## Data shown:
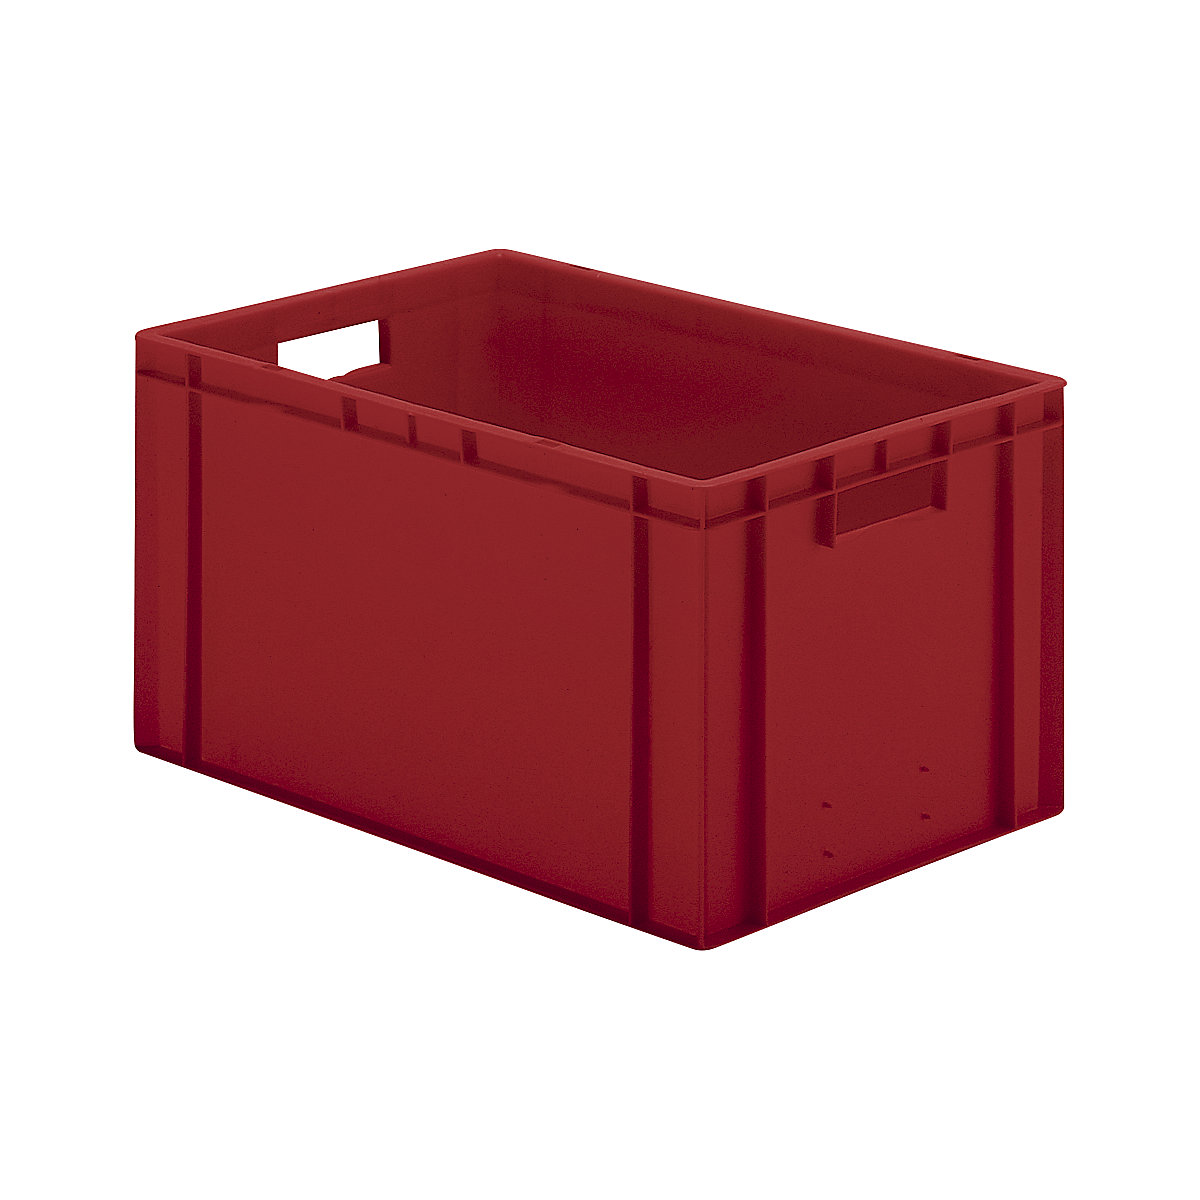 Euro stacking container, closed walls and base, LxWxH 600 x 400 x 320 mm, red, pack of 5
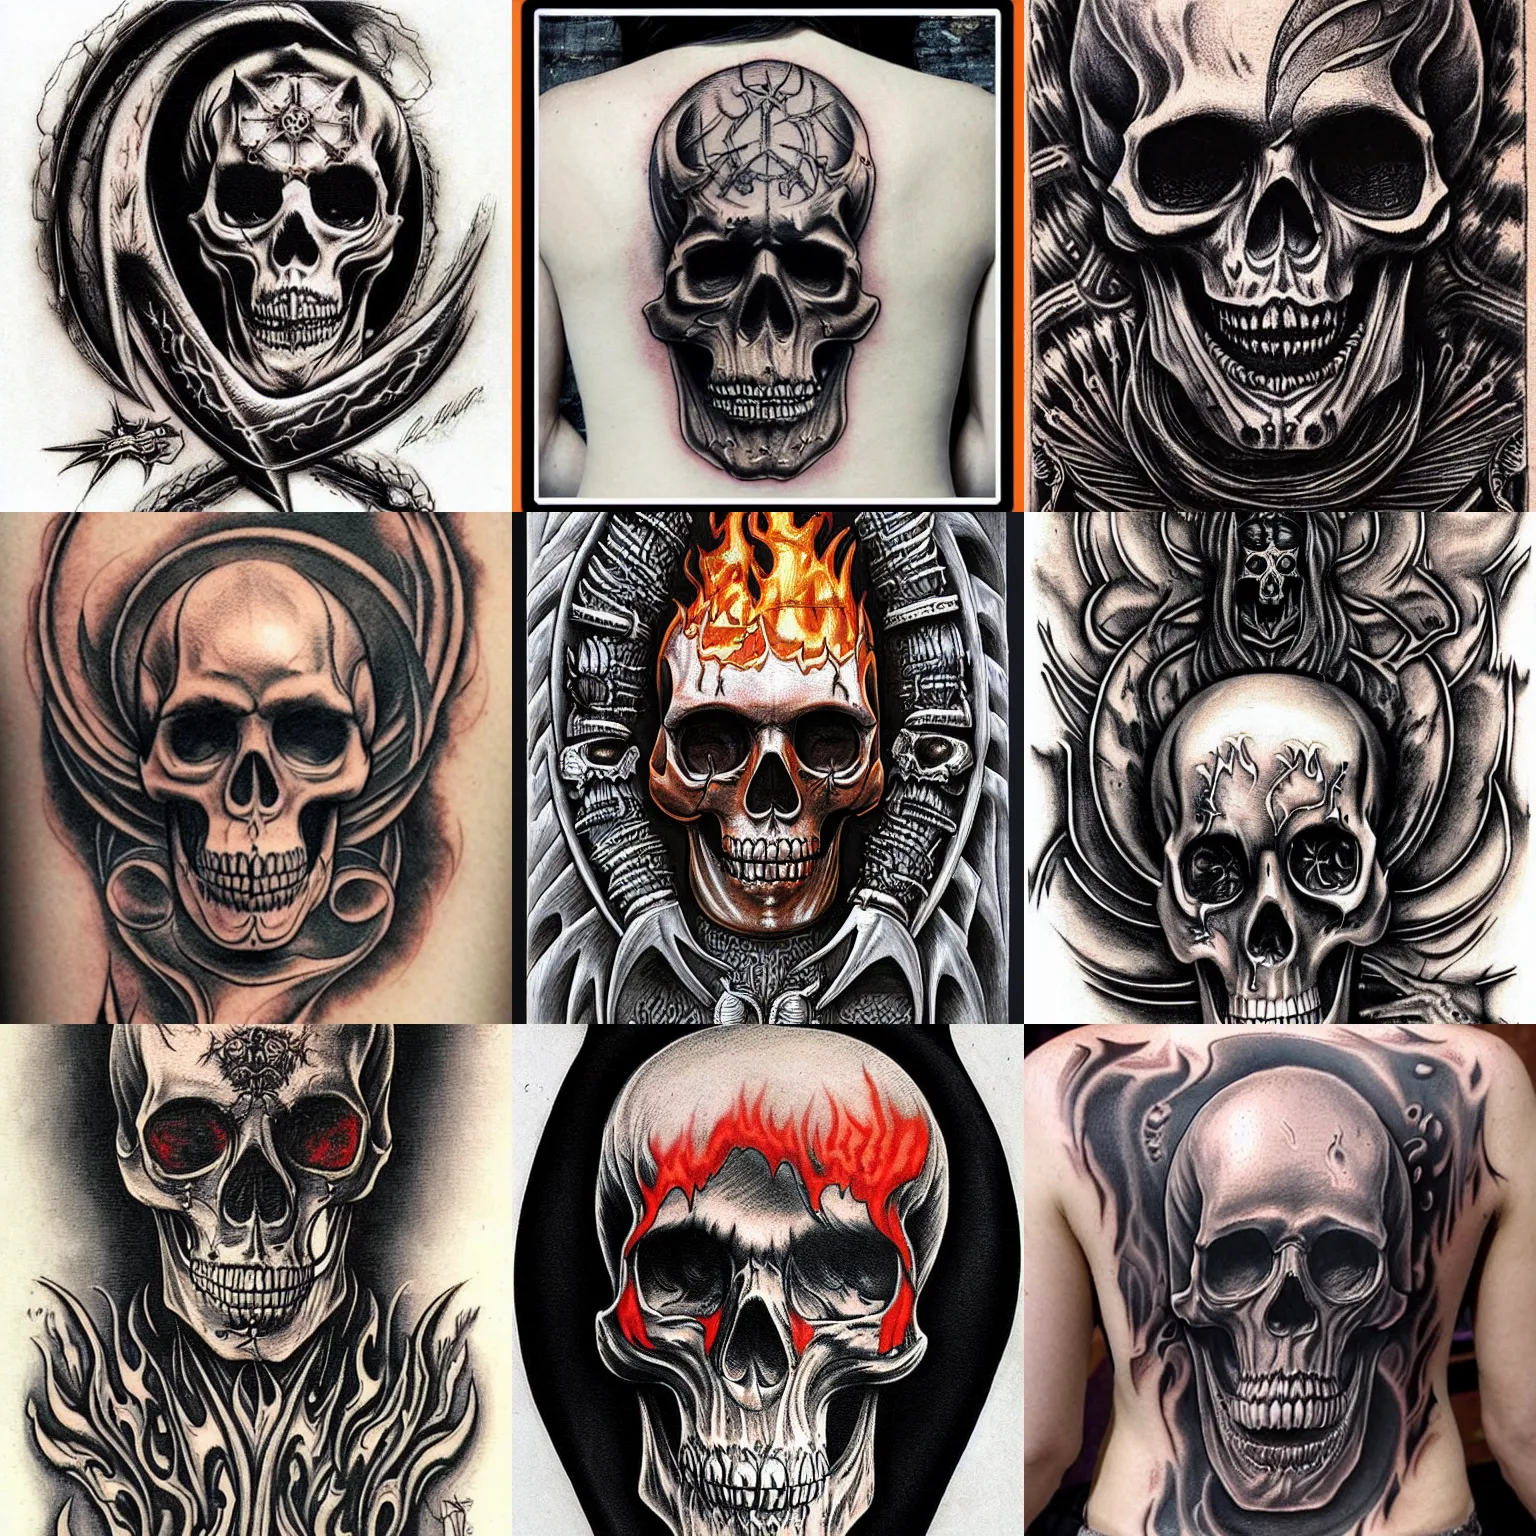 Prompt: a flaming skull tattoo design by H.R. Giger, highly detailed
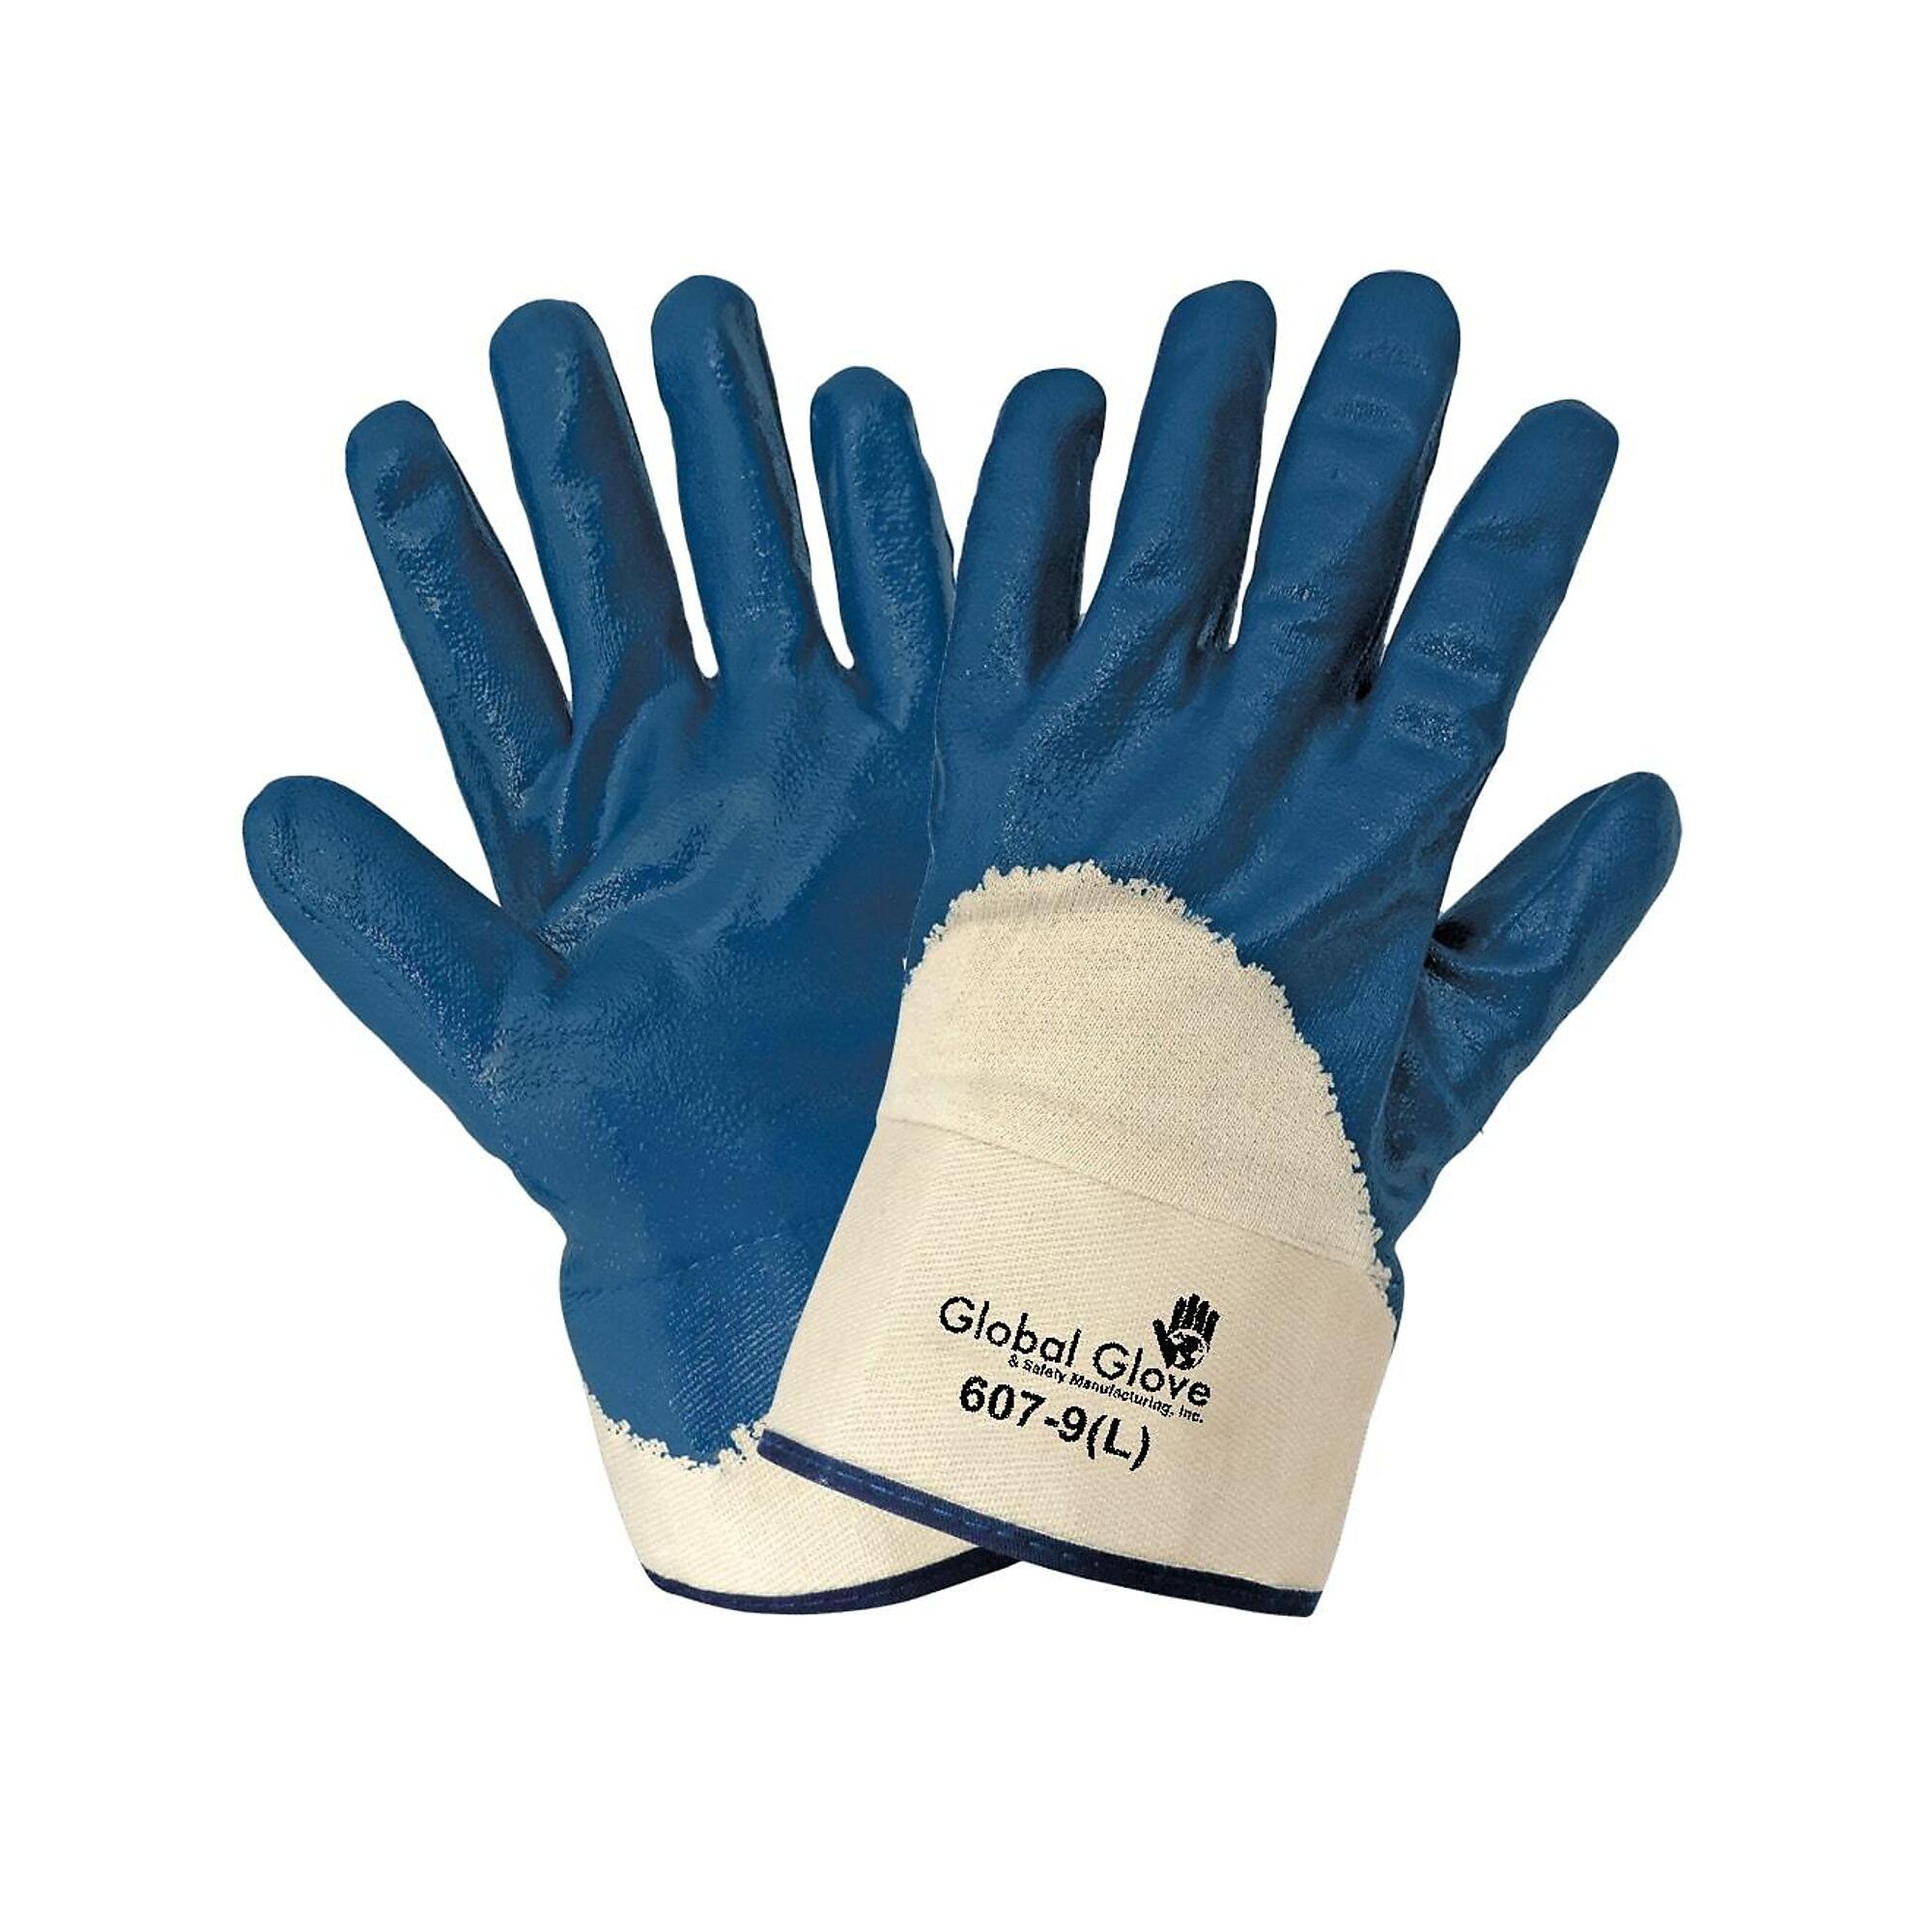 Global Glove, Tan, Blue 3/4 Nitrile Coat, Cut Resist A2 Gloves - 12 Pairs, Size M, Color Tan/Blue, Included (qty.) 12 Model 607-8(M)

## What is expected:
Transcribe only the lines from the line holding "Prompt: a flaming" to the final line of the listing above. Keep them exact, include both ends, and skip the pictures.

## Solution to this exercise:
 Prompt: a flaming skull tattoo design by H.R. Giger, highly detailed
 Global Glove, Tan, Blue 3/4 Nitrile Coat, Cut Resist A2 Gloves - 12 Pairs, Size M, Color Tan/Blue, Included (qty.) 12 Model 607-8(M)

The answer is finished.